Last week I wrote an article entitled Why Day Game Is The Secret Sauce You Need to Consistently Meet and Attract Women. In it, I introduced the concept of day game, explained its benefits in comparison with night game, talked about reasonable expectations you should have going in and the kinds of skills you’ll need to get good. This week I go deeper into the topic by discussing “openers”—what you should actually say when talking to a woman you’ve never met for the first time—and tackle the age old question of whether it’s better to go direct or indirect.
What Is An Opener?
Picture the scene. It’s 11:30 am and you’ve just snuck out of the office to walk around the block and clear your head after staring at spreadsheets for the last three hours. As you head for the coffee shop on the corner, in your peripheral vision you register a vision of beauty—long hair, slim waist, and tapered legs revealed by a short pencil skirt. You turn to look at the girl. Indeed, her face is as beautiful as you had intuited. You feel a strong biological pull, right down at the level of DNA. Ancient forces are drawing you towards her. But fear roots you to the spot. You could never simply just go and talk to a girl like that. After all, what would you say?
You pause for a second, observing her as she passes. And now the moment has gone, as it always does. Regretful and a little sad, you go to pick up your latte before returning to your desk. I suspect that all of us have encountered something like this at least once in our lives. For me, memories of girls who “got away” can linger for months, sometimes years afterwards. But what causes our reticence in these situations? In my view it is a combination of fear and lack of an opener—that is, something to say to a stranger without coming across as weird or creepy.

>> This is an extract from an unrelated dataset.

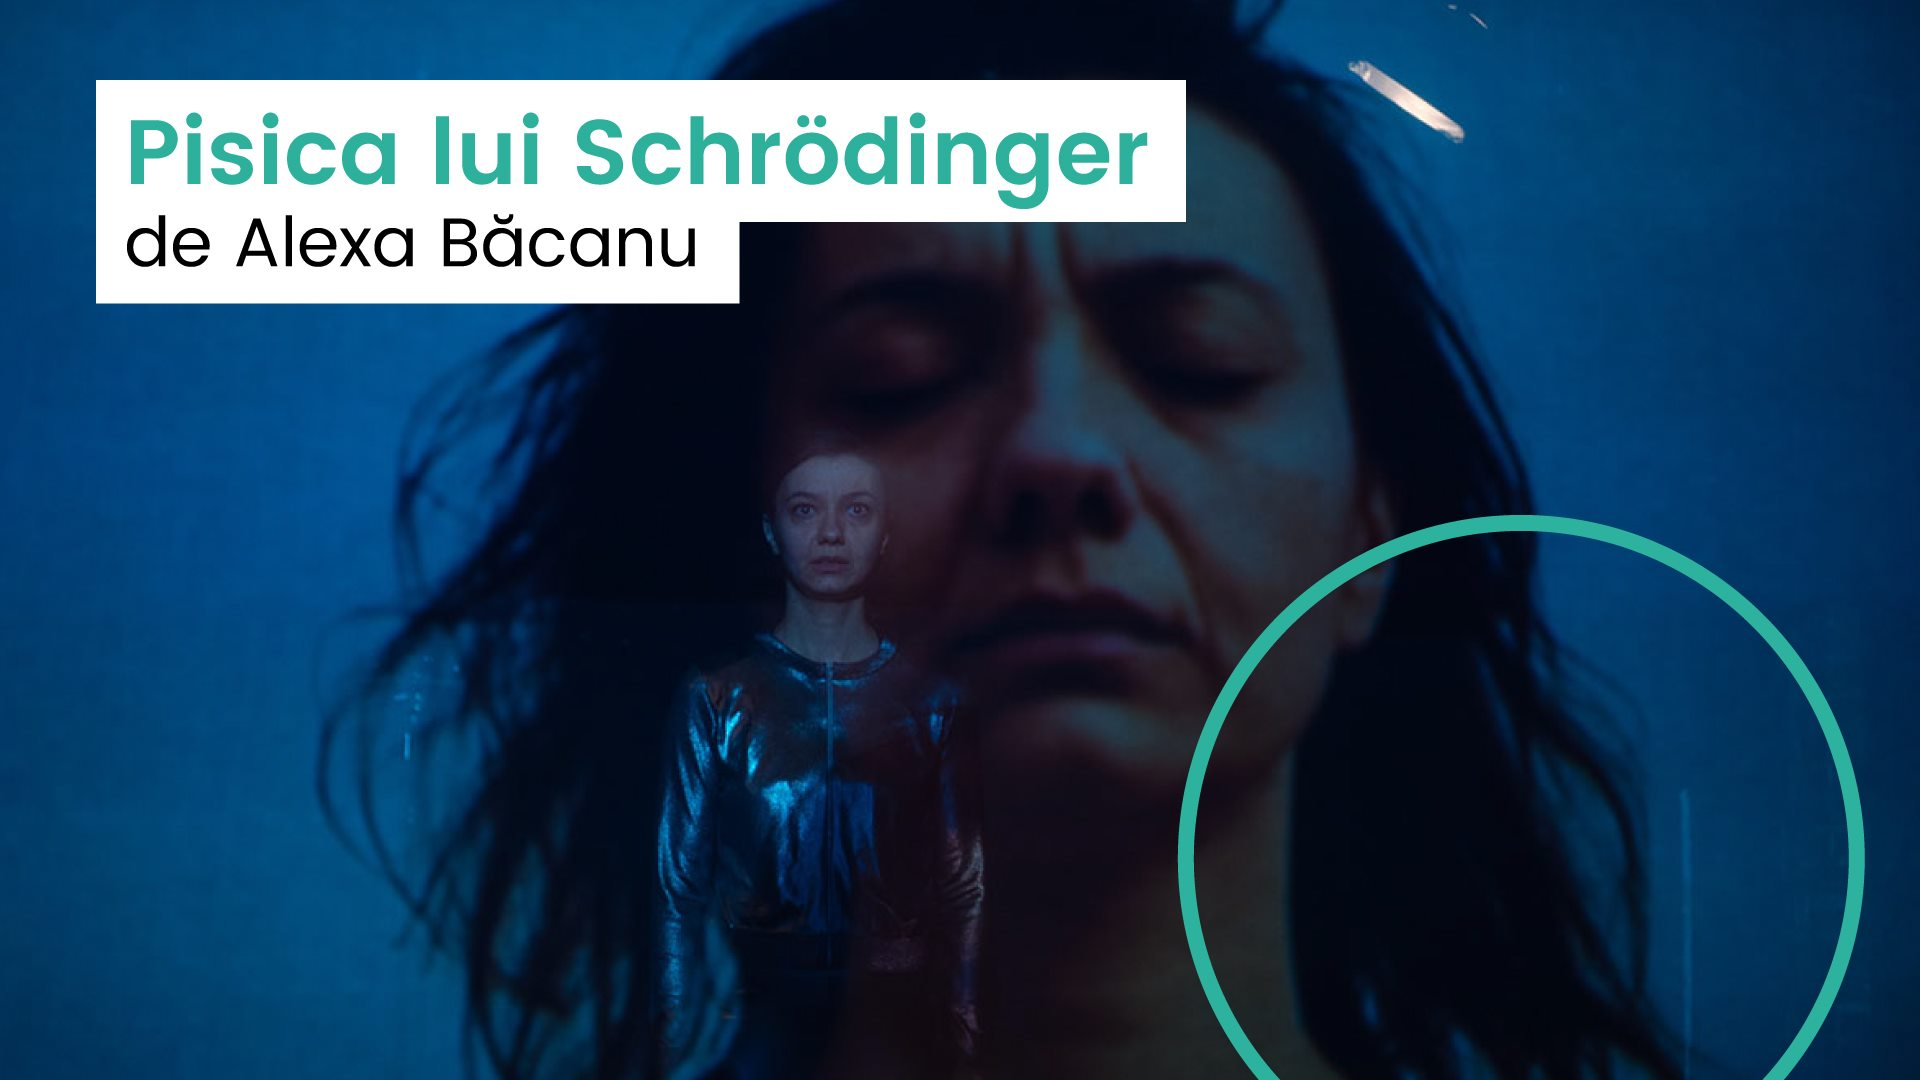 Pisica lui Schrödinger | FDP10

First a quick note about fear. Due to ancient bio-evolutionary factors that are of very little relevance in the twenty-first century, the sight of an exceptionally attractive women appears to instill a “fight or flight”-style mentality in most men that prevents them from approaching her. While this is instinctual and beyond our control, it is also completely unnecessary and counterproductive. As Roosh notes in Day Bang, a 100,000-year old impulse designed to protect us from dangerous enemies and predators has little use on today’s dating scene. Think about it—if you go up and talk to that cute girl in the gym, what is the worst that can happen? Probably that you will have a few second’s innocuous chit-chat and then she’ll politely excuse herself and go back to what she was doing before.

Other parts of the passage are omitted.